Всегда запирай дверь, посоветовал Шоу, словно напоминая ребенку об очередной общественной обязанности, которая впредь усложнит его жизнь. Сейчас Шоу собирался на поезд в сторону Туикенема, до дома престарелых, но уже чувствовал, что день не задался. С лестницы может войти кто угодно.
Потом сказал, что не будет мешать Тиму, и добавил только:
Пол довольно мокрый.
Тебе, наверное, интересно, что я тут делаю, окликнул вслед Тим.
В свое время матерью Шоу восхищались. В результате теперь можно было видеть, как она смотрит со взглядом смутным и бурным, как пустой морской пейзаж, из фотографий во множестве фотоальбомов. Казалось, теперь ее увлекают эти реликты напрасные браки, постыдные роды, похороны, на которых как будто никто не знал усопшего, но без присмотра она впадала в необъяснимую ярость и пыталась порвать снимки. Даже о самых недавних сделанных месяцем ранее на телефон Шоу она иногда говорила: «Не говори глупостей. Не говори таких глупостей. На меня это похоже не больше, чем муха в небе». Может, она была права: со снимков смотрела пожилая женщина, вида стандартного, обветшавшего, но все еще каким-то образом вздорного, сидящая на кресле в общей комнате дома престарелых, под отчетливо видной репродукцией завораживающе странной картины маслом «Морской идиллией» Арнольда Бёклина 1887 года.
Здесь-то Шоу ее в этот раз и нашел.
Не надо думать, будто мне нужна эта ерунда, сказала она, как только увидела сверток с рыбкой.
Не смеши, ответил Шоу, ты даже не знаешь, что там.
То, чего мне даром не надо.
Ты не знаешь, что там. Слушай, это подарок, гостинец. Хотя бы разверни.
Но вместо этого она просидела полчаса, воротя нос от подарка, на одном из кресел с подлокотниками и удивительно прямой спинкой, что стояли под Бёклином.

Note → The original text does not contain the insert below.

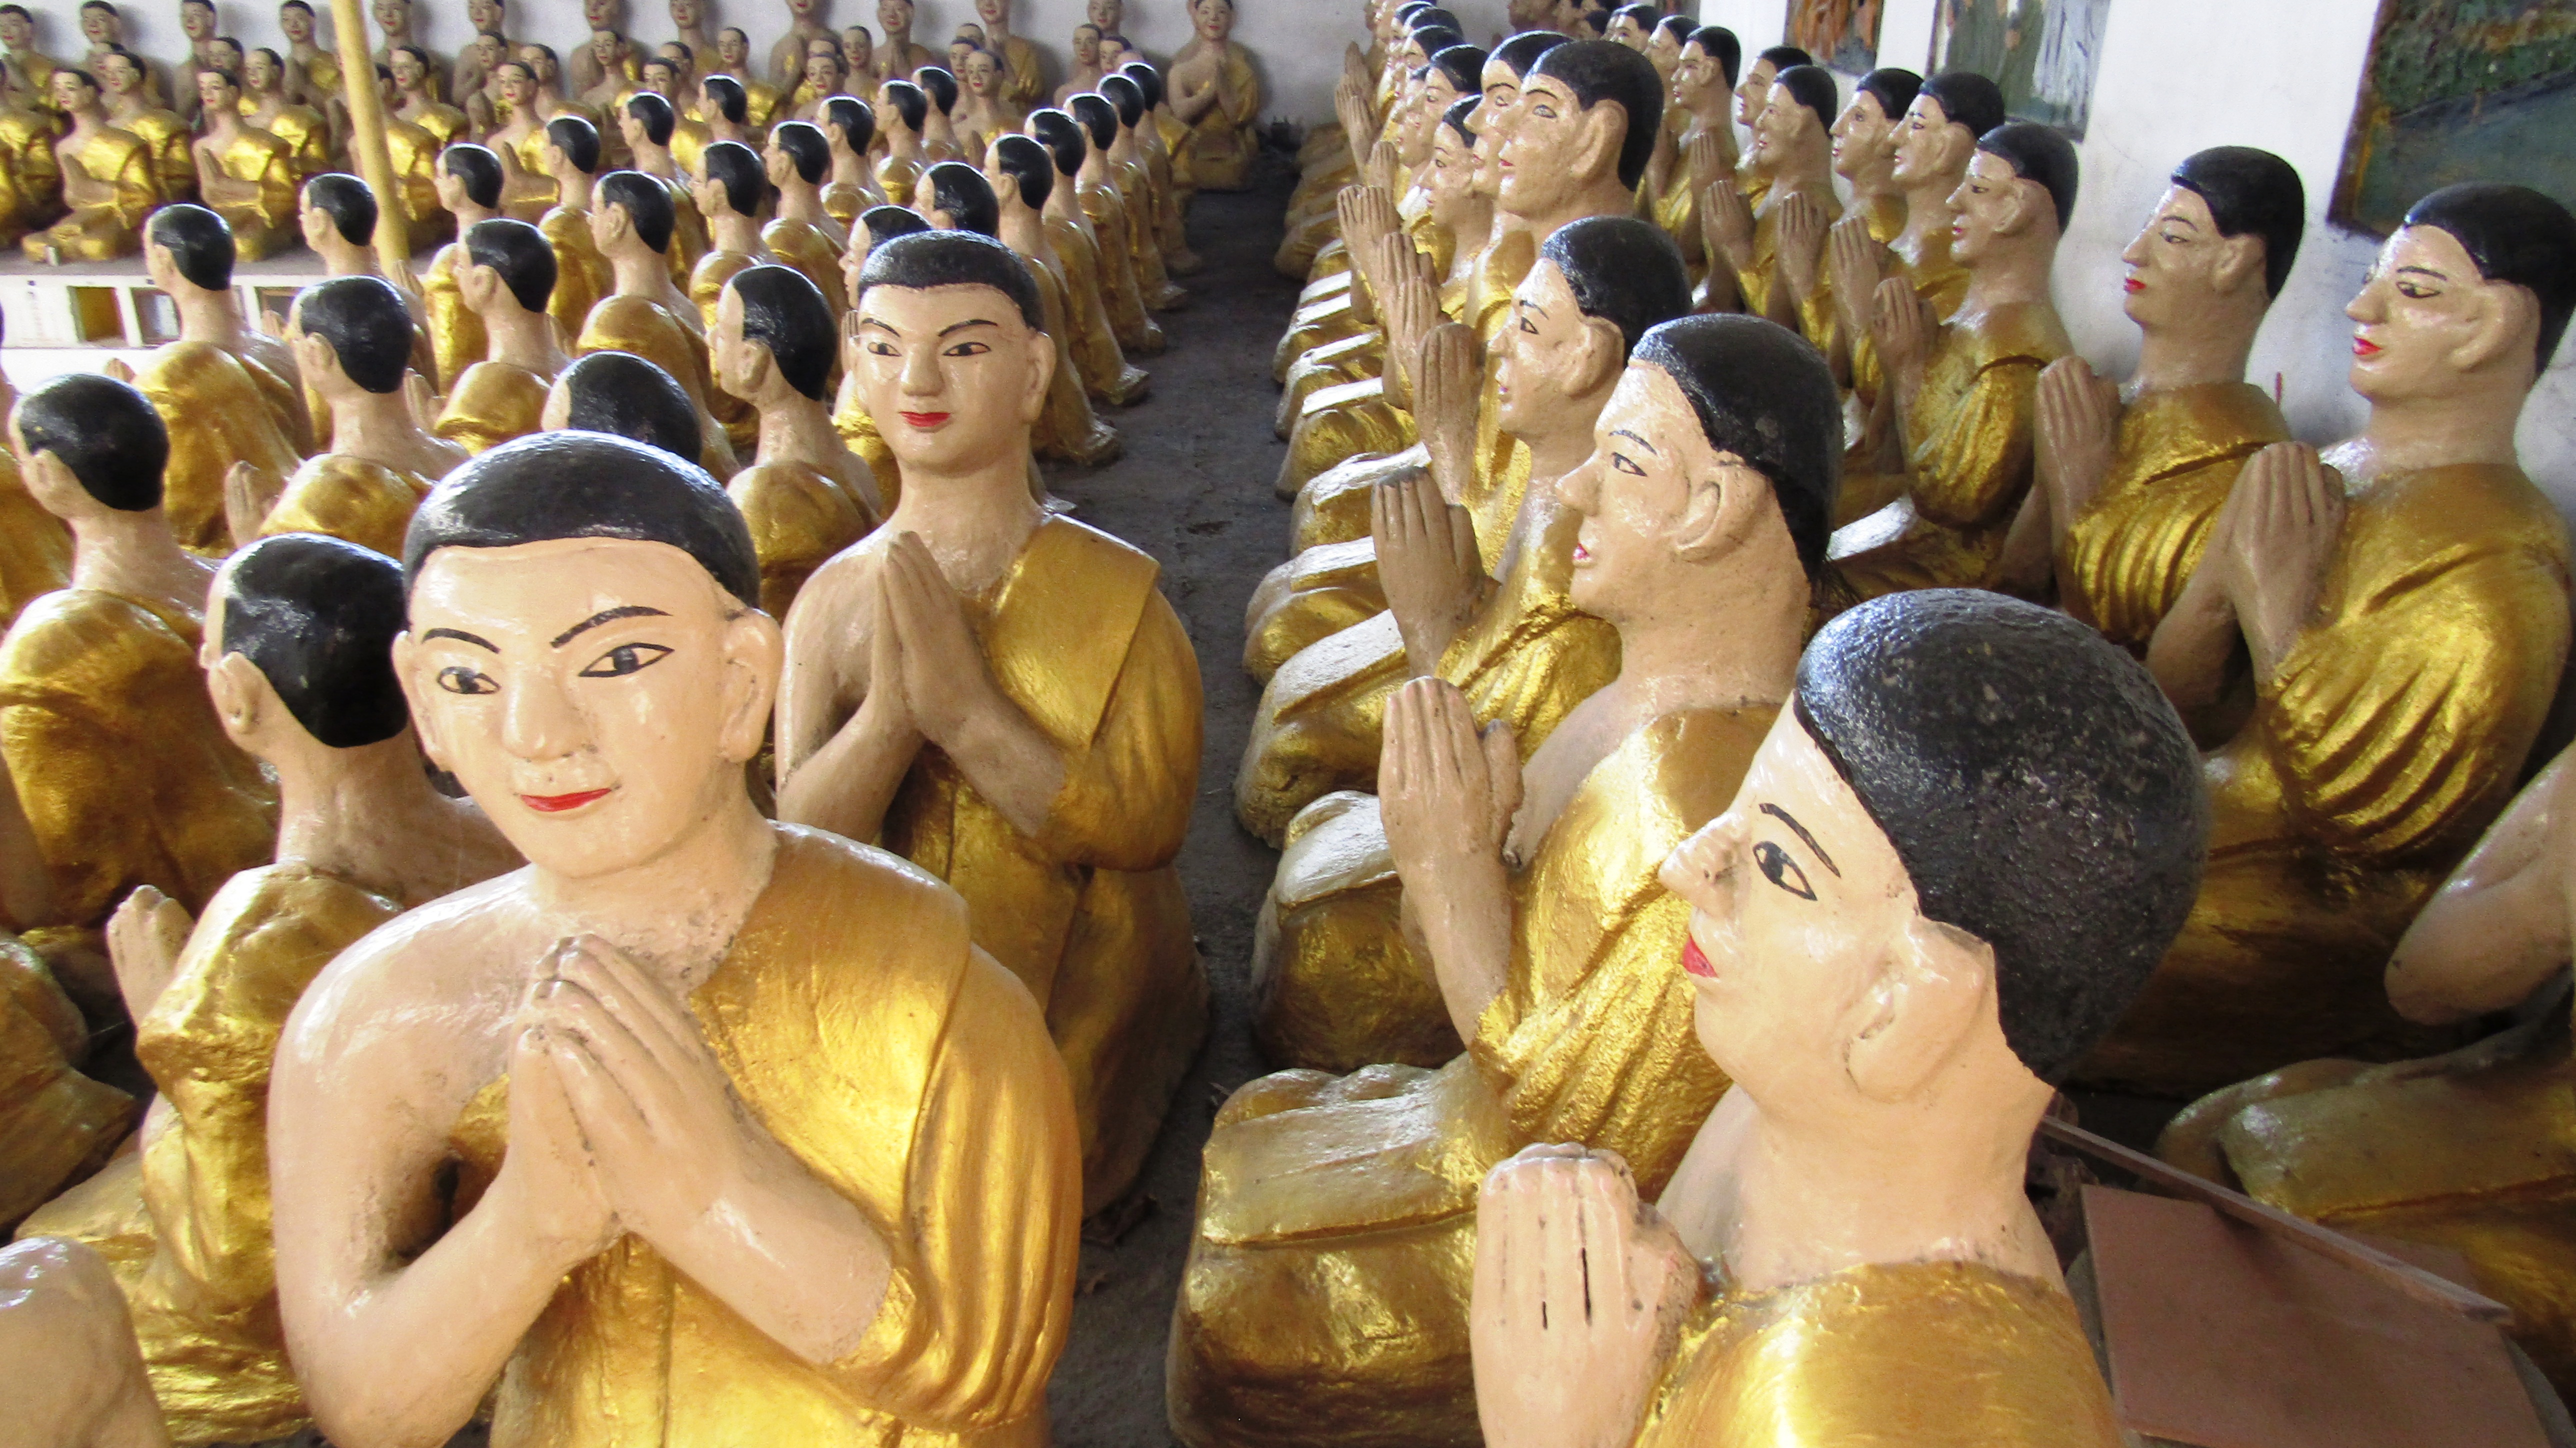 Monks in golden robes

Время от времени бросала украдкой взгляд на сверток, но тут же отворачивалась.
Не знаю, что тебе от меня нужно, Питер, сказала она наконец, словно они проспорили все утро. Вздохнула. Честно не знаю, что тебе от меня нужно.

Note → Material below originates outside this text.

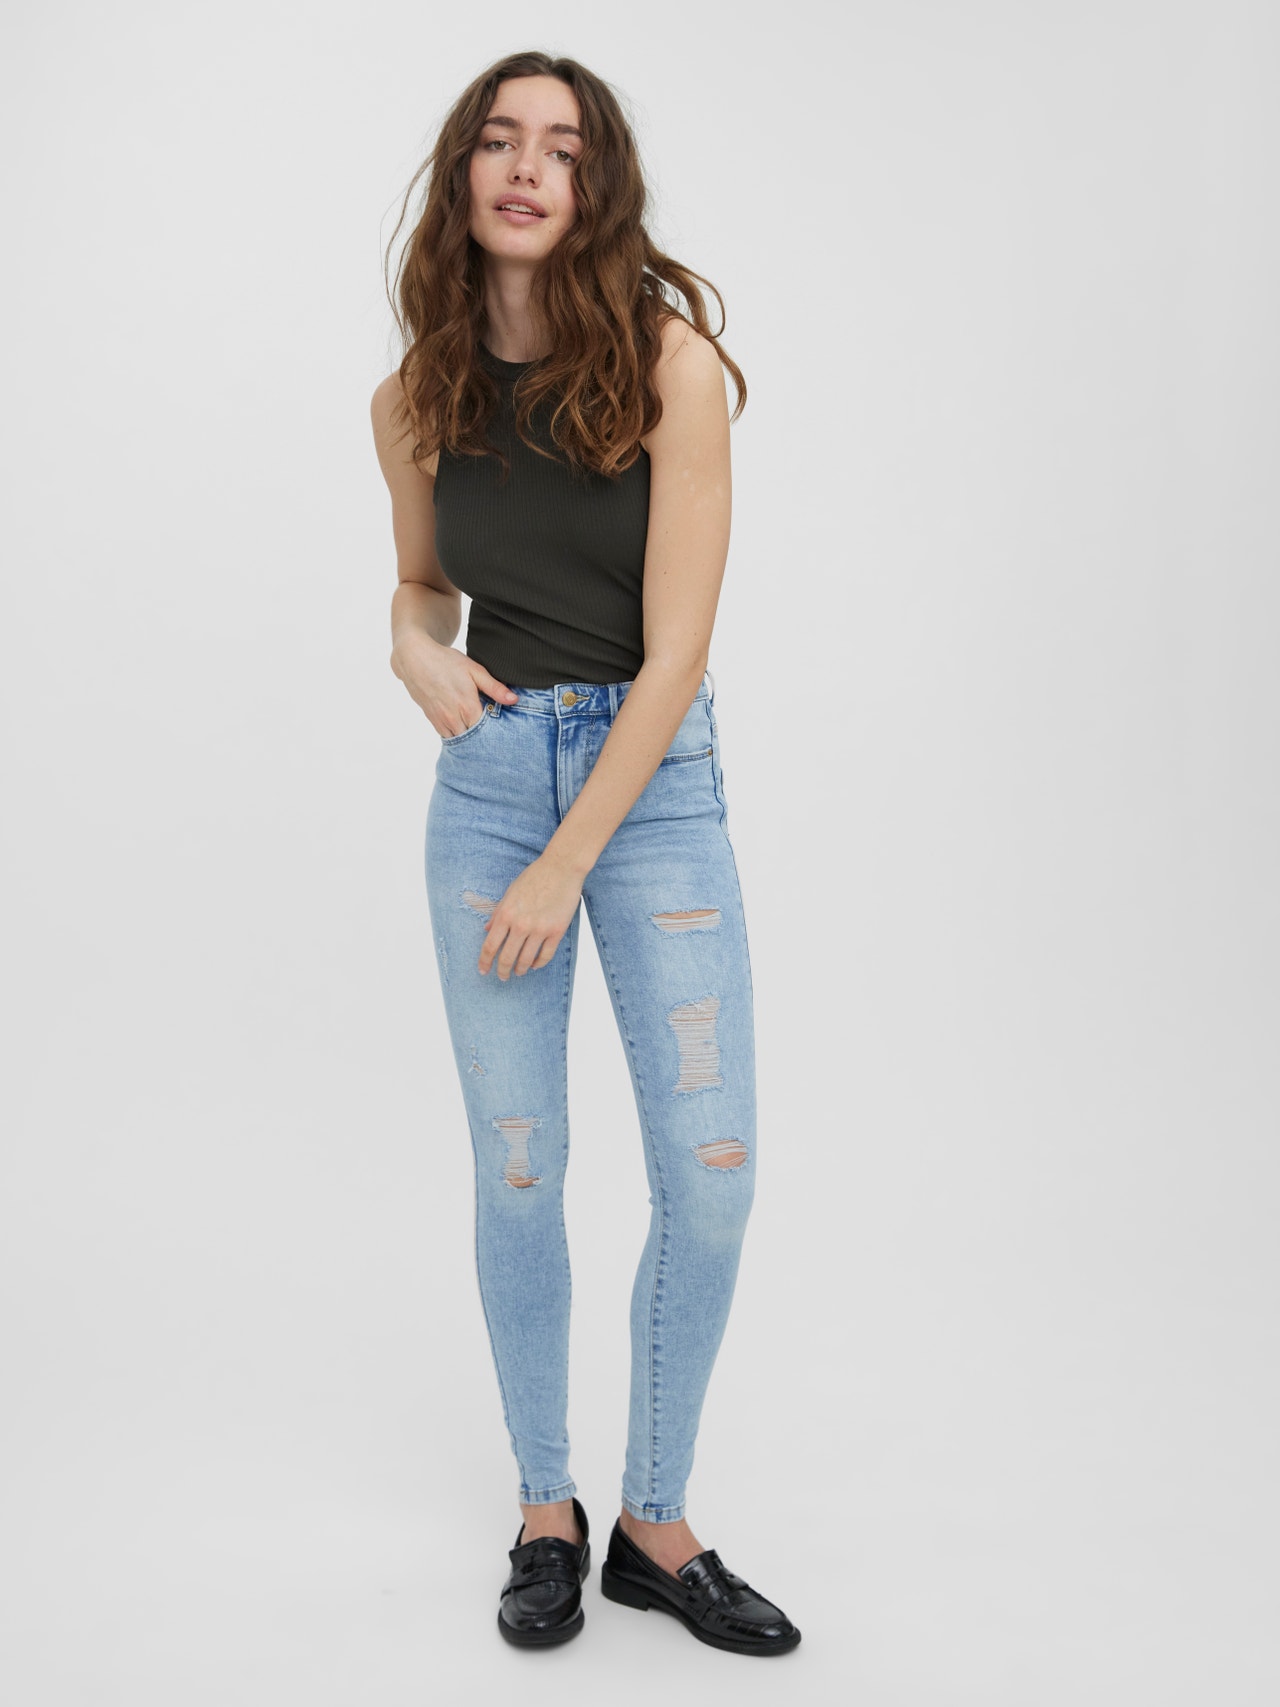 VMSOPHIA High with | Moda® rise Vero 50% discount! Jeans

Этот сопутствующий ранимый жест плечами не совсем пожимание, слишком сложно, чтобы взять и расшифровать, вечный способ скрыть слабость своей позиции, он отчетливо помнил уже с десятилетнего возраста.
Меня зовут не Питер, сказал он.
Дорогой, разве сегодня мы не посмотрим фотографии? Я их просто обожаю.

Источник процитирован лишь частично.